Al salir del coche, Ben se arregló la corbata y se puso la chaqueta del traje que había comprado para la ocasión, en el que se había gastado mucho dinero y que probablemente no se pondría nunca más. Se escuchaba el sonido de una big band flotando en la brisa. Siguiendo la música, atajó por el césped hacia la parte de atrás de la casa. El extenso terreno de la hacienda apareció ante sus ojos.
Los invitados se apiñaban alrededor de una carpa a rayas situada en la hierba. Charlas y risas. Largas mesas con canapés, camareros con bandejas. Las mujeres llevaban vestidos veraniegos y grandes sombreros floreados. El banquete de boda era mucho más opulento de lo que Ben había esperado.
A Charlie le ha ido bien, pensó. No estaba mal para un londinense con los pies en el suelo y práctico que había empezado conduciendo camiones de abastecimiento en el Cuerpo de Ingenieros. Había servido desde que dejó la escuela. En el regimiento 22 del Servicio Especial Aéreo británico se había quedado en el rango de soldado. Nunca quiso ascender. Su única ambición era ser el mejor. Resultaba extraño imaginarlo casándose entre tanta riqueza. Ben se preguntó si sería feliz rodeado de todo aquello.
Charlie y su flamante esposa estaban entre las parejas que bailaban sobre el césped. Ben sonrió al reconocerlo. No parecía haber cambiado demasiado, excepto por el esmoquin. La banda había empezado a tocar un viejo tema de jazz que recordaba vagamente, Glenn Miller o Benny Goodman. Los trombones y los saxos relucían bajo el sol.
Ben se mantuvo apartado, se quedó de pie escuchando la música y observando a la gente, asimilando la escena. Volvieron a su mente los recuerdos del día de su boda, hacía tan solo unos meses. Con un gesto instintivo, se llevó la mano a la alianza de oro que llevaba colgada al cuello en una cinta de cuero. La tocó a través de la camisa, tratando de contener los demás recuerdos que bullían en su interior, los malos, los del día en que todo terminó
Por un instante, volvió a estar allí y a presenciar la escena. Parpadeó para borrar esas imágenes, luchó por arrinconarlas en la oscuridad. Sabía que volverían.

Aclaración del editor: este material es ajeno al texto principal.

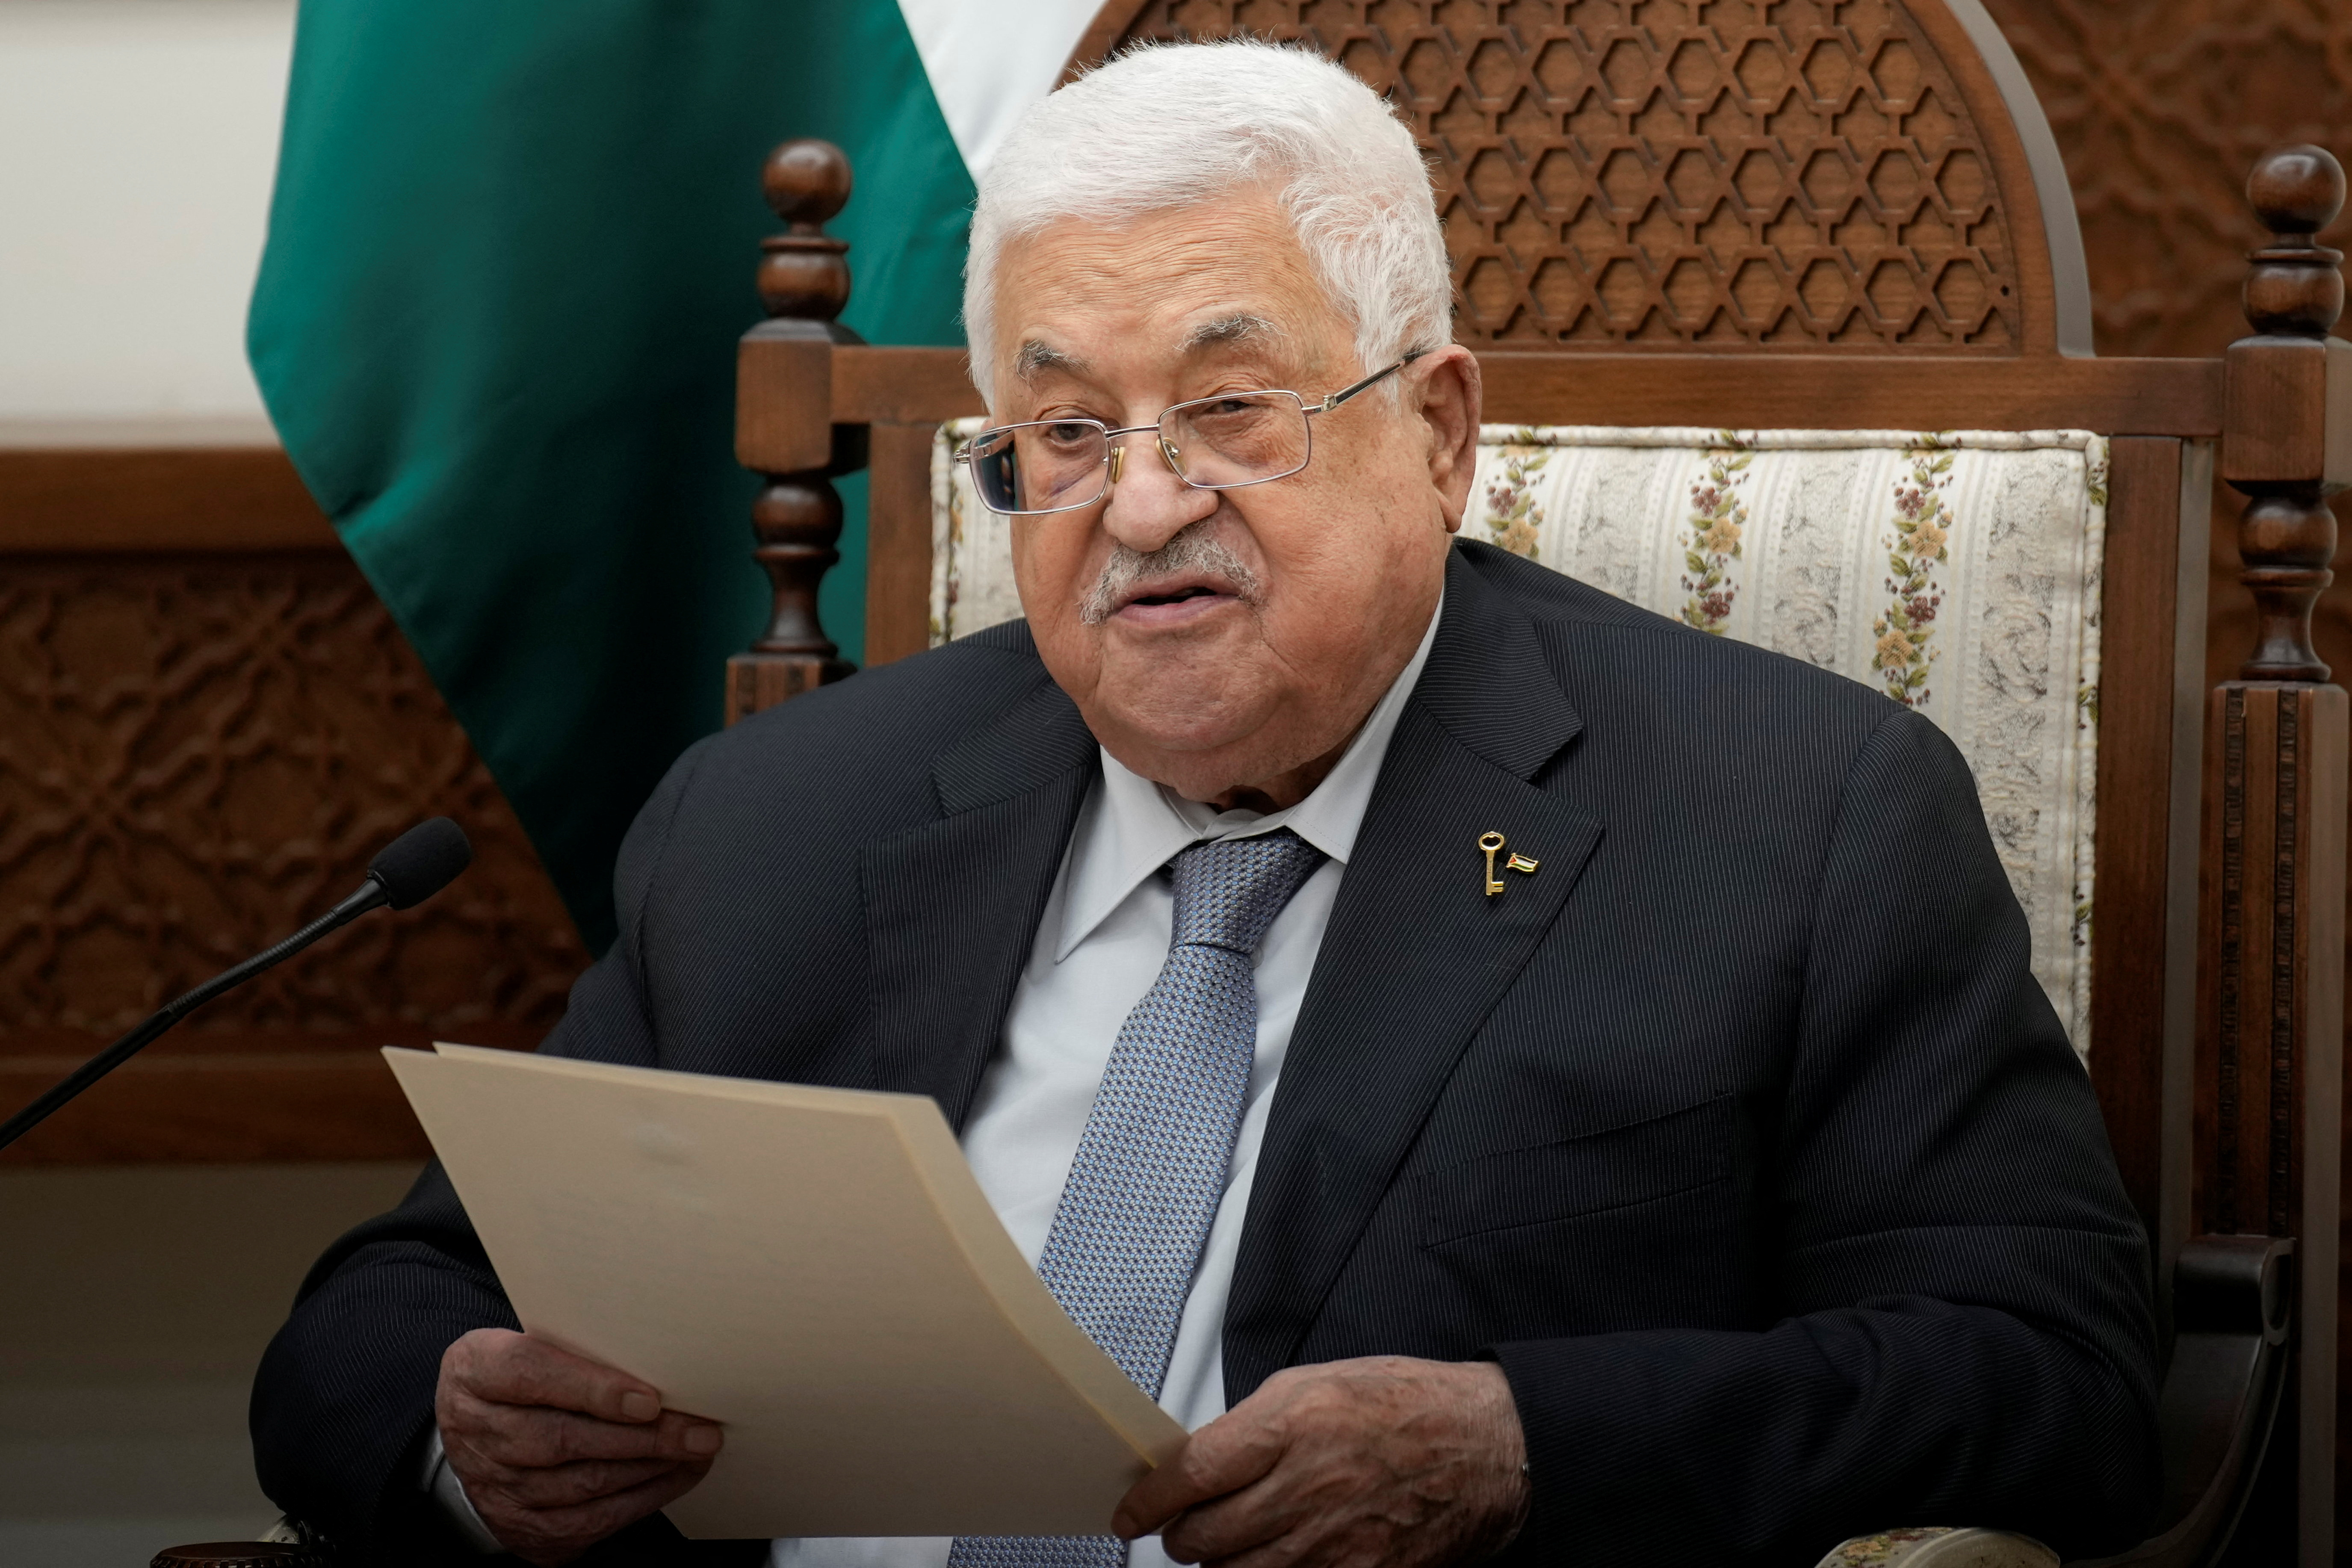 パレスチナ自治政府のアッバス議長、アラブ諸国に支援訴え

El baile acabó. Hubo aplausos y más risas. Charlie reconoció a Ben y lo saludó con la mano. Besó a su esposa y ella se marchó charlando con un grupo de amigos hacia la carpa mientras la banda empezaba a tocar otra pieza. Charlie se acercó rápidamente a Ben, se mostraba muy emocionado, incapaz de reprimir la amplia sonrisa de su rostro.
—Estás diferente con ese traje —dijo Ben.
—No pensé que vendría, señor. Me alegro de que haya podido. Lo he estado llamando durante días.
—Recibí tu mensaje —dijo Ben—. Y soy Ben, no «señor».
—Me alegro de verte, Ben.
—Yo también me alegro. —Le dio unas cariñosas palmaditas en el hombro.
—Bueno, ¿cómo te ha ido? —preguntó Charlie—. ¿Cómo te van las cosas?
—Ha pasado mucho tiempo —contestó Ben evadiendo la pregunta.
—Cinco años, más o menos.
—Enhorabuena por la boda. Me alegro por ti.
—Gracias. Somos muy felices.
—Menudo sitio. Tenéis una casa preciosa.
—¿Esto? —Charlie recorrió el horizonte con la mano, la casa y el terreno tan bien cuidado—. Estarás de broma. Pertenece a los padres de Rhonda. Ellos son los que pagan todo esto. Es hija única, ya sabes. Un poco excesivo, pero que quede entre nosotros. Todo por alardear de su dinero. Si fuera por Rhonda y por mí, la habríamos celebrado en el registro civil municipal y después en el bar más cercano. —Sonrió afectuosamente—. ¿Y tú qué, Ben? ¿Diste el paso?
—¿El paso?
—Ya sabes, una vida normal, matrimonio, hijos, esas cosas.
—Ah. —Ben dudó. Qué más da. No tenía sentido fingir—. Me casé —dijo en voz baja.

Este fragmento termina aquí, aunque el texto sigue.